I use to get in trouble for crying as a child. For longest time, I couldn't cry, even over normal "make a person cry" events. Somehow, after my psychologist over years of telling me it is okay to cry, it finally sunk-in one day. Now I'm in active PTSD grief mode.

I cry over the horrible way I was treated as a child. I cry over the terrible decisions I've made as a result of the abuse. I cry, because my childhood and prime years are lost. I cry because I am finally feeling decades of stuffed-down feelings. I cry because I yearn for things that will never be. I cry because I'm afraid of my future. I cry because I wonder if I will ever feel whole. I cry. I cry. I cry.

And best of all, I don't feel as though I am doing anything wrong. I am allowed to cry.
 
I often want to cry, but can't. I'm so afraid that I won't be able to stop.

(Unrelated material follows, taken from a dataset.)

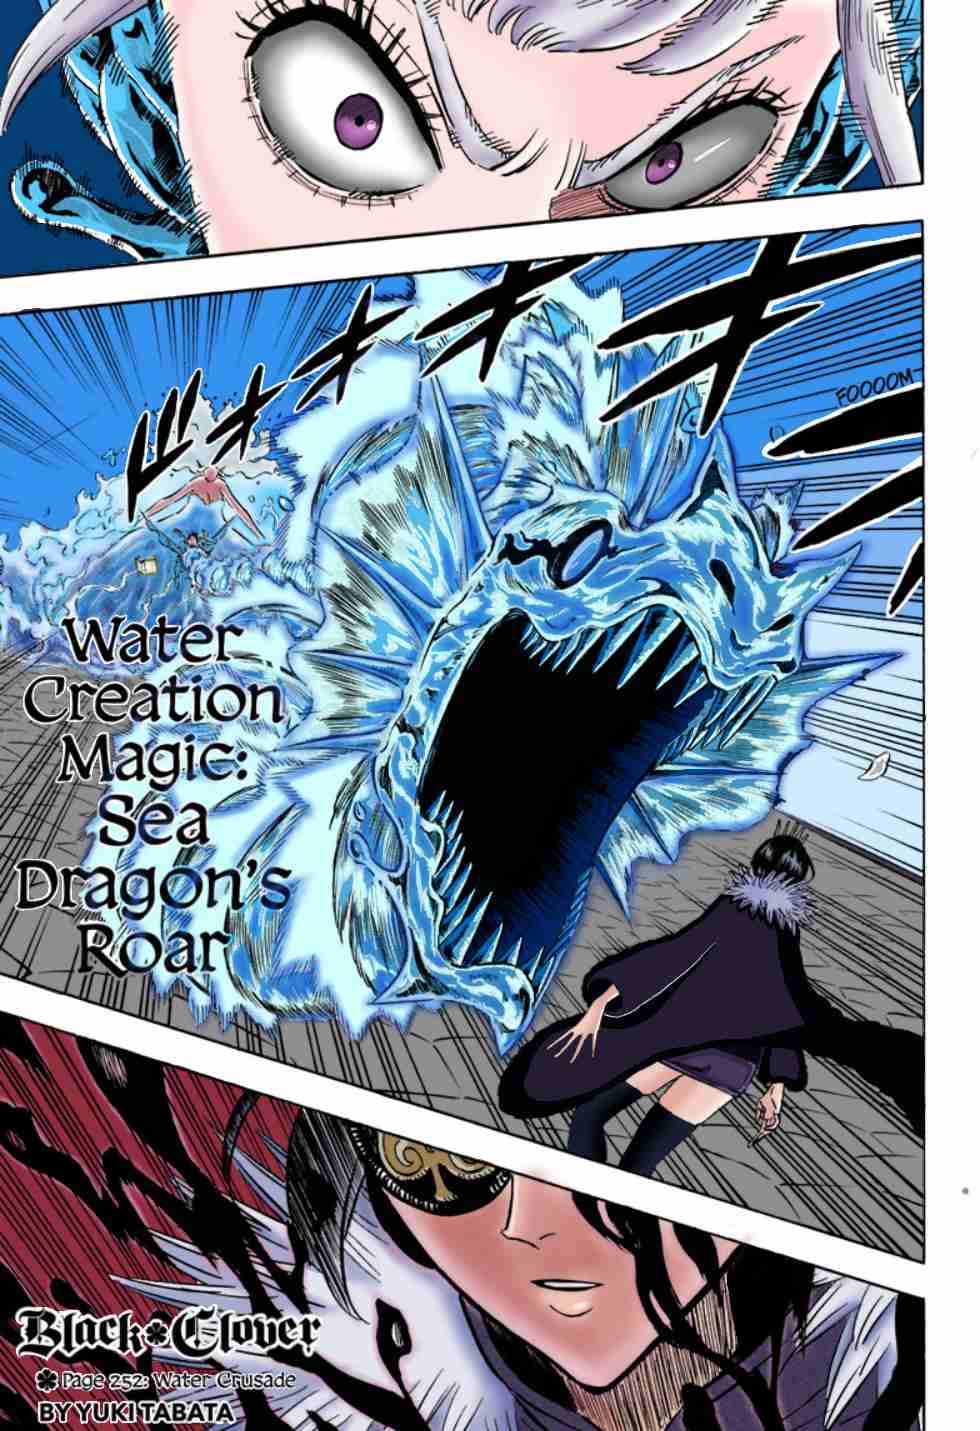 Black Clover (Fan Colored) Ch. 252 Water Crusade

It scares me to think that if I lose control, I will be taken to the hospital for being out of control.
When I need to, I just go for a walk by myself, so I can cry - with no one watching me. And, I know that the exercise helps me also. I also can go downstairs to be alone. However, my husband can't seem to understand that this crying is good for me. It releases a lot of my pent up emotions.
I can so relate to the fear of being taken to the hospital for being out of control. FK NO!
 
I have the same thing. Usually if someone recognizes my pain or ongoing struggle or my inner values... the dam breaks. Other times it is when stresscup is overfilled and spills. This also happens when i resonate with another persons hardship.

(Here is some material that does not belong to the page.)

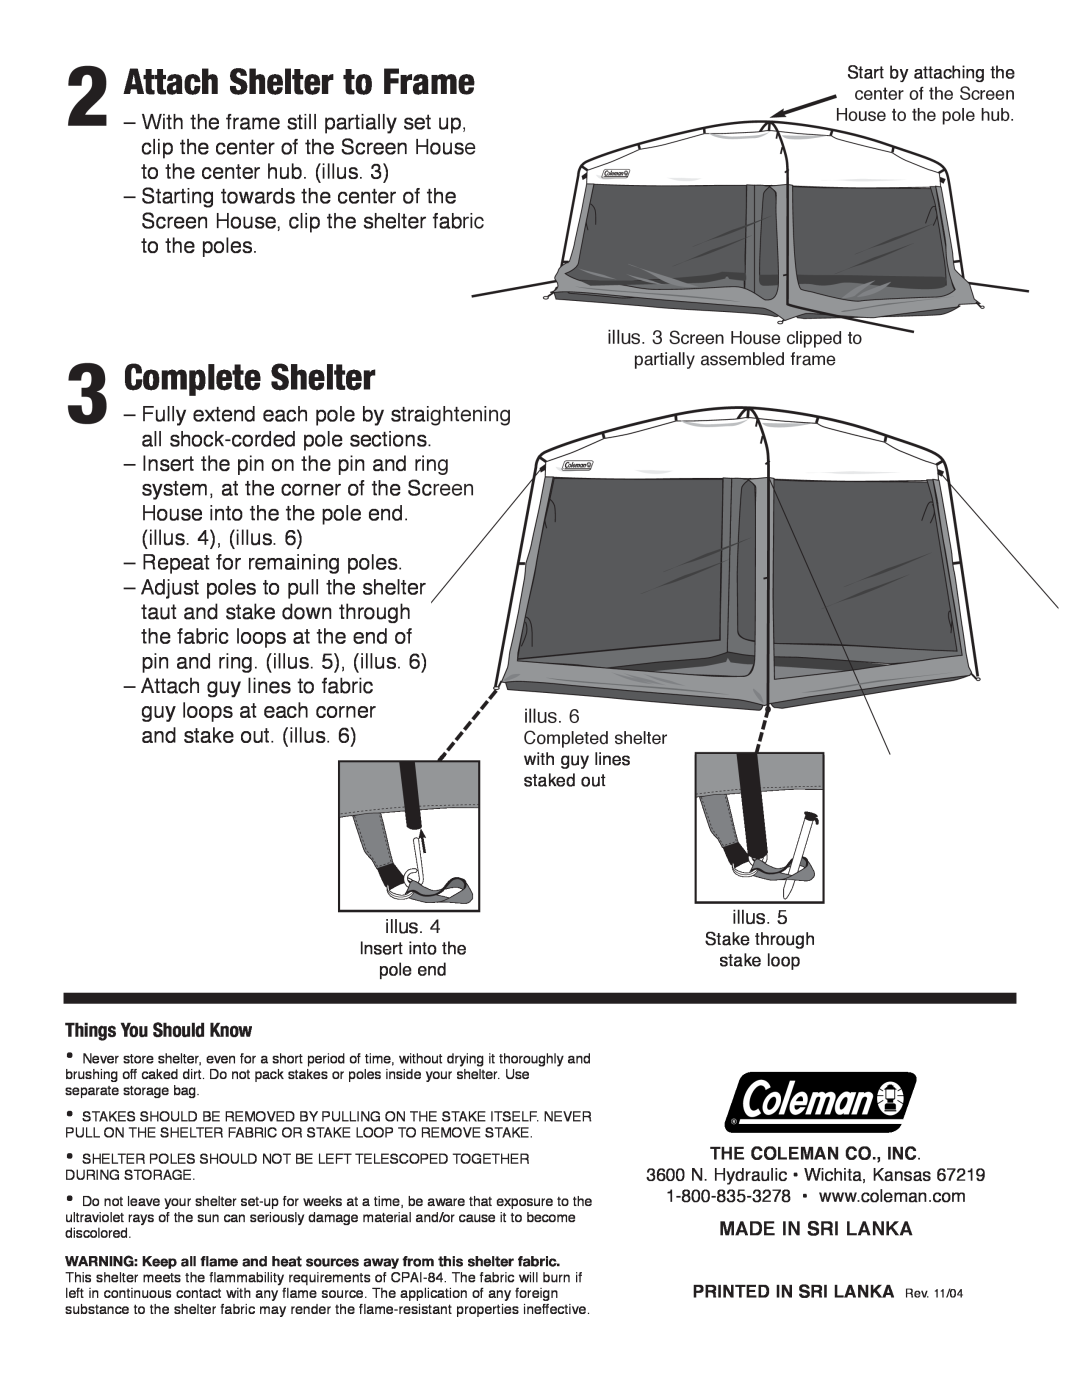 Coleman 9392-522 manual Attach Shelter to Frame, Complete Shelter

Crying when done in safe environment is like the valve on a pressure cooker helping decompress whats inside.

Hope u feel better afterwards.
 
I have the same thing. Usually if someone recognizes my pain or ongoing struggle or my inner values... the dam breaks. Other times it is when stresscup is overfilled and spills. This also happens when i resonate with another persons hardship.

Crying when done in safe environment is like the valve on a pressure cooker helping decompress whats inside.

Hope u feel better afterwards.

Exactly ! And very well said ! Thanks.
 
I wish I could cry. I wish I could just let it all out in a flood of tears each day.

But I I never can. It just sits there on my chest like a burning lump of hot embers.
 
I'm in the, wish I could cry, category. My first cat died and I cried. It was so hard watching her be put to sleep ( this was after I was diagnosed and on meds.) The tears just flowed. I loved her so much.